This, explained Greene, was his favorite response to those suggesting the Pleistocene was such an irrelevantly long time ago.  “Ten thousand years ago is only a hundred centuries. It’s twice the lifespan of the longest-living plant on Earth today. Yes, 10,000 years ago is a lot longer than I’ll live, but it may not be so long in some other contexts.”
For the next 50 minutes, Greene serves up more metaphorical handfuls of sloth dung, irreverently bursting conservation’s most precious myths, chiding the media’s worst-informed critics, and repeating his blasphemy: Why not Pleistocene rewilding?

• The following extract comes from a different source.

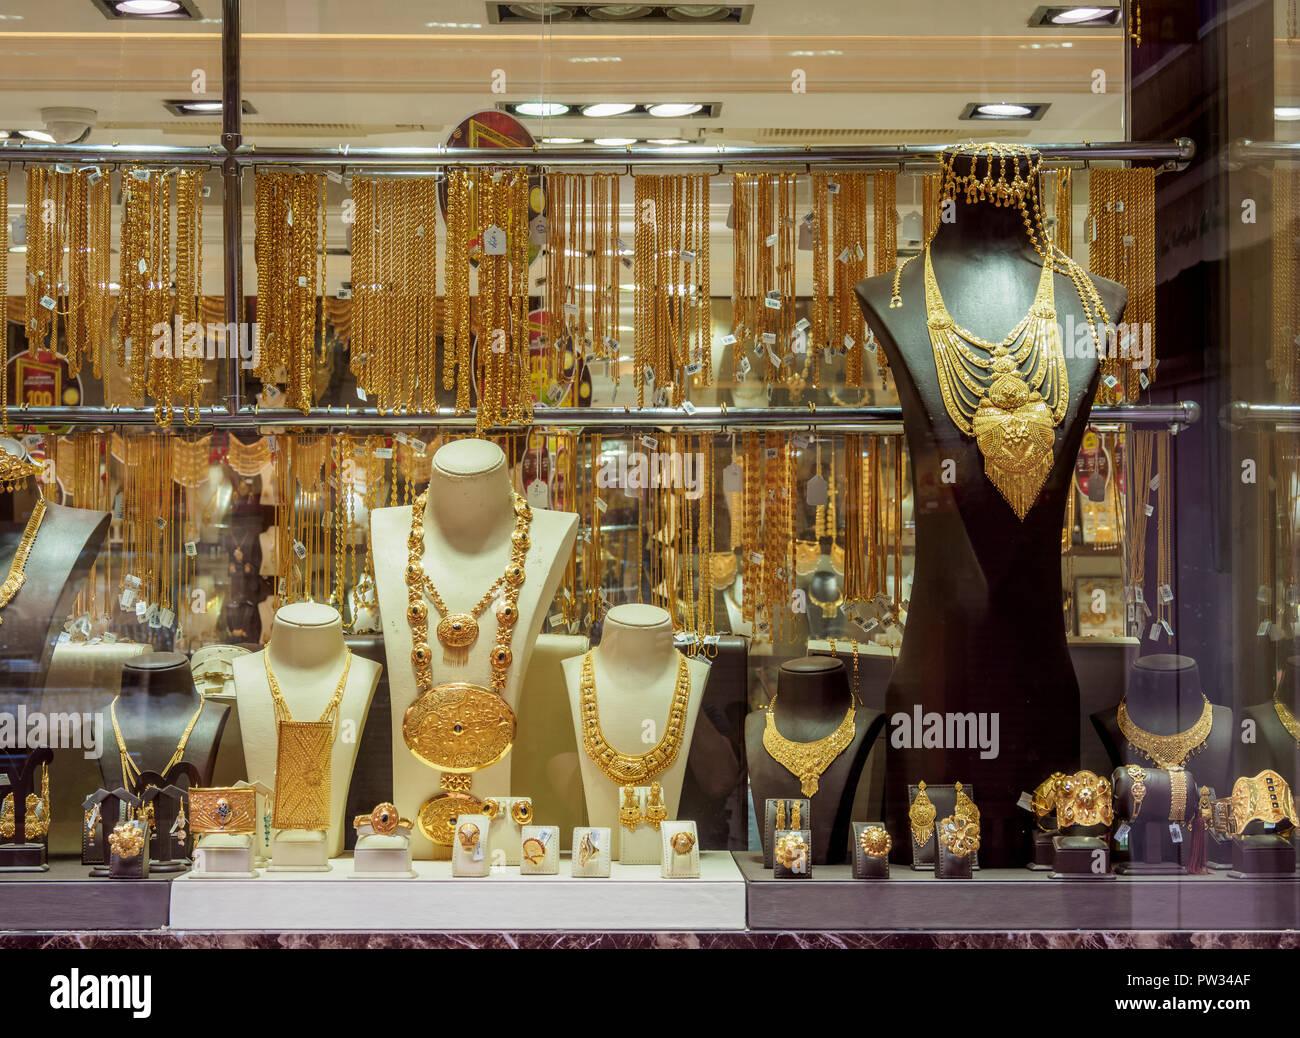 Arab Jewellery Stock Photos & Arab Jewellery Stock Images
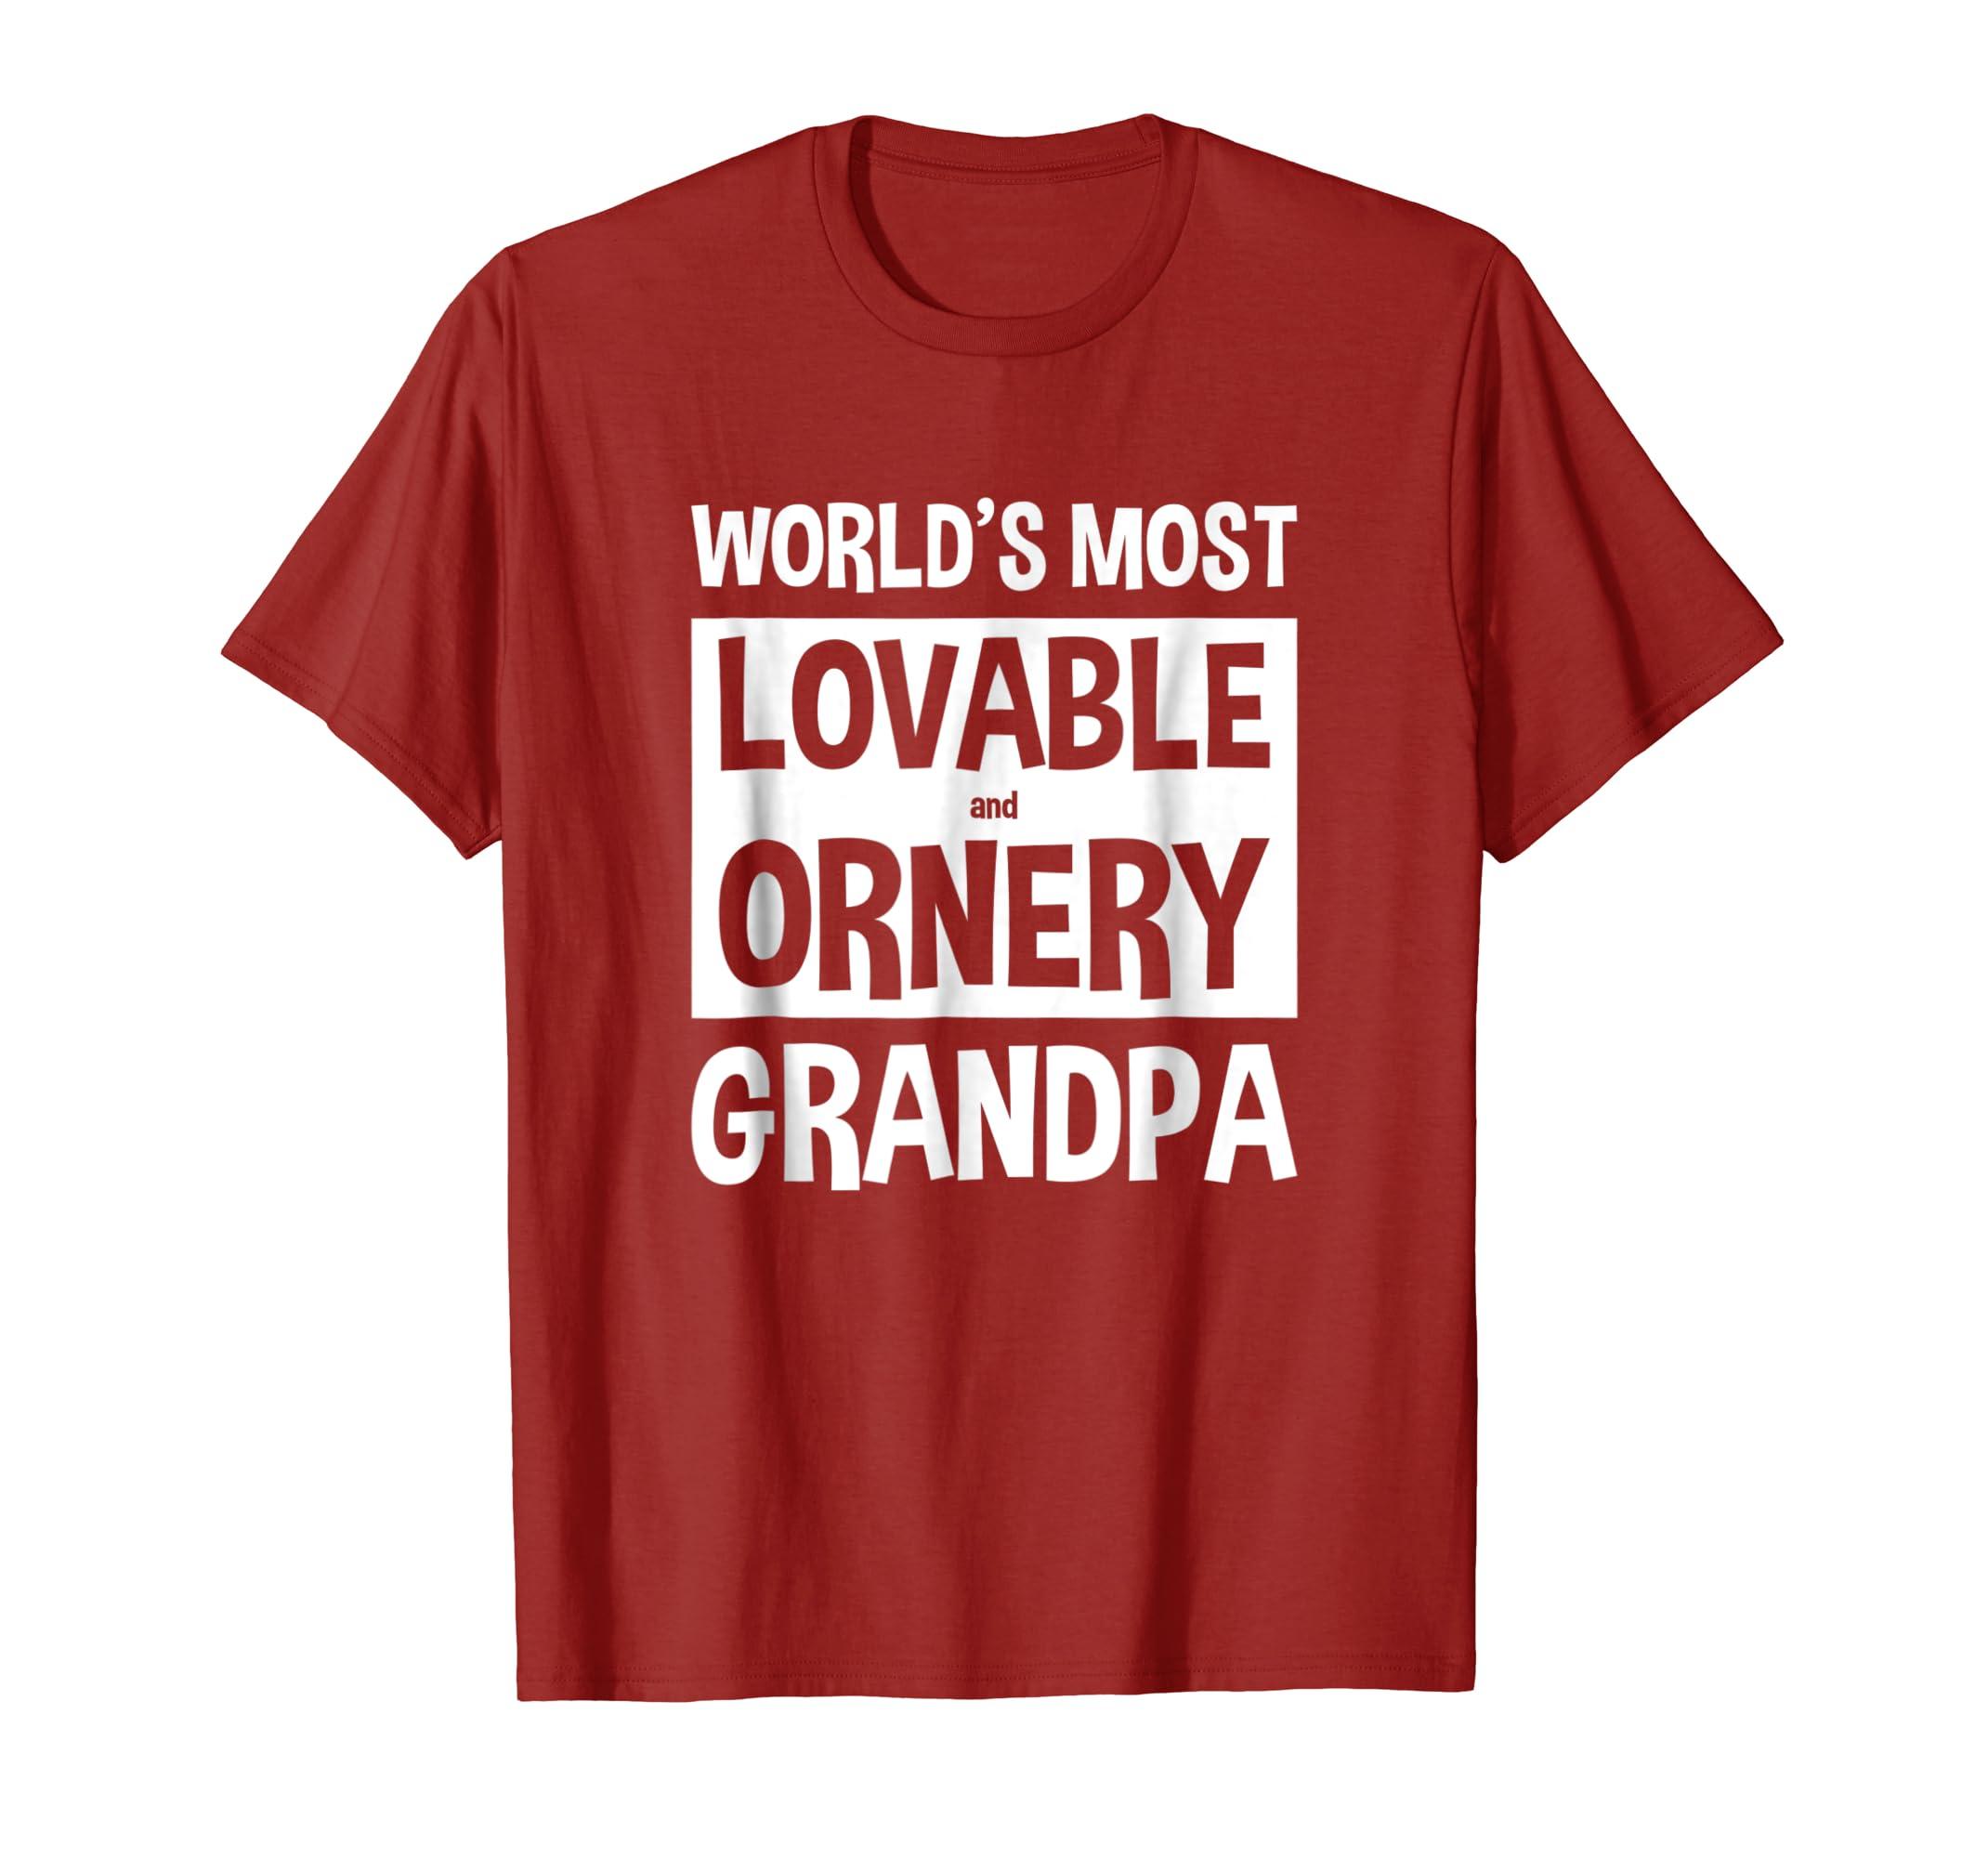 203b05986 Mens Funny Grandpa T shirt Lovable and Ornery-4LVS – 4loveshirt

To the notion that wild horses are pests of the North American range, Greene offers this answer. “When I moved to Berkeley in 1978, I bought into the prevailing wisdom there, which is that [wild horses] are the scum of the earth, that they tear up wetlands, and we should all be given old-Model 94s and go out and shoot burros,” says Green. “It never occurred to me to wonder why, if they’re so bad now, they weren’t bad 100 centuries ago?” It turns out the animal the Spaniards brought to North America in the 1500s is very closely related to the animal that once played a key role in dispersing seeds of Pleistocene savannas, says Greene, which makes today’s wild horse literally the native returned. (Ed. note: Recent DNA discoveries have revised the date of the last horses in North America to about 7,500 years ago and possibly even later. New DNA studies have proven that the last North American horses were Equus caballus - the same species as the Spaniards returned.)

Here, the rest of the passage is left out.